A young girl peaking into a jack-o-lantern

Many feminist icons of the mid and late 90’s will tell you that you can have an amazing career, perfect marriage, and bake the best damn cookies for kindergarten play dates all at once. This is a lie. They are lying to you.


As soon as you let go of the idea that you even WANT it all, let alone can actually attain it, is when you start prioritizing and putting concerted effort towards the things that matter. Things that don’t matter: whether you bought those cookies while rushing into the store on a work call during your elusive lunch break, or baked them with a kitchen-aid, wearing an apron. 


If your career is something that you enjoy, feel passionate about, and it inspires personal growth, do not give it up. The best mothers are role models. Let me repeat, the BEST mothers are role models. In 2016, the vast majority of children do not aspire to sacrifice their passion and dreams to bake cookies or wipe every single runny nose, or sit with their sick child every single time. Your children are important and probably the most important thing in your entire life but they do not need to actually BE your entire life. 


Even with the most supportive and helpful partner, mothers with a demanding career will feel guilty, but this guilt does not need to consume you. Maintaining your personhood is an essential part of being a good mother and a good partner.
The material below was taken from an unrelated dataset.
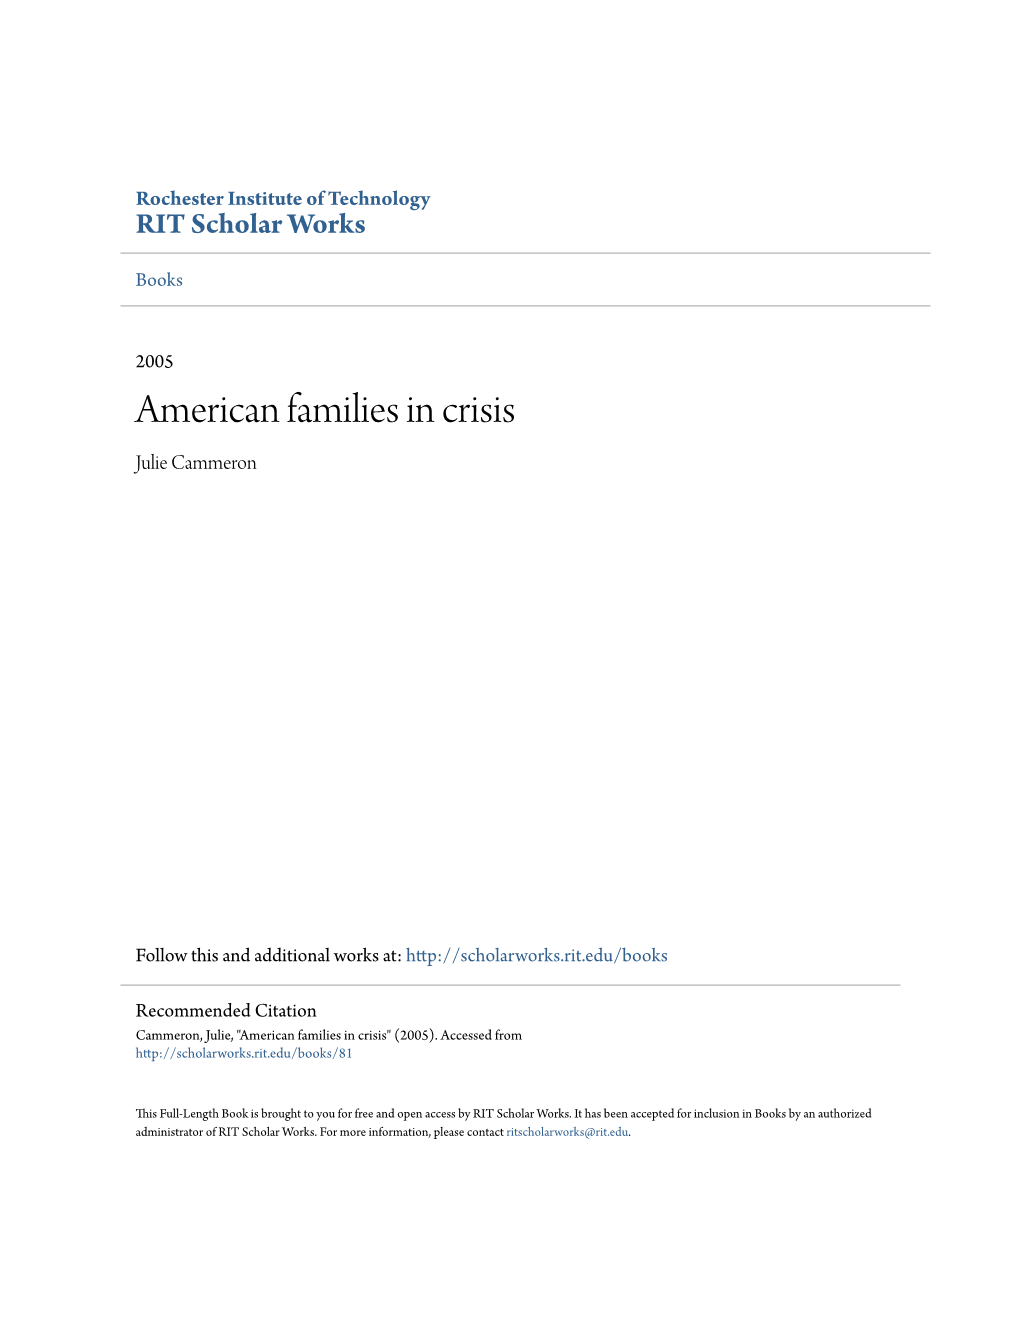 American Families in Crisis Julie Cammeron

Finding some type of work/life balance is the key to success and happiness.


According to a presidential campaign reporter and new mother, “I was one of those naive people who thought motherhood was just another thing that you could juggle.” You should not be in a position where you are juggling motherhood or your career but rather removing yourself from your kids when necessary to be productive and turning off your phone when you really want to be focusing on your kids. Don’t half ass you career and your parenting, and as Ron Swanson from Parks and Rec so eloquently said, “don’t half ass two things, whole ass one.”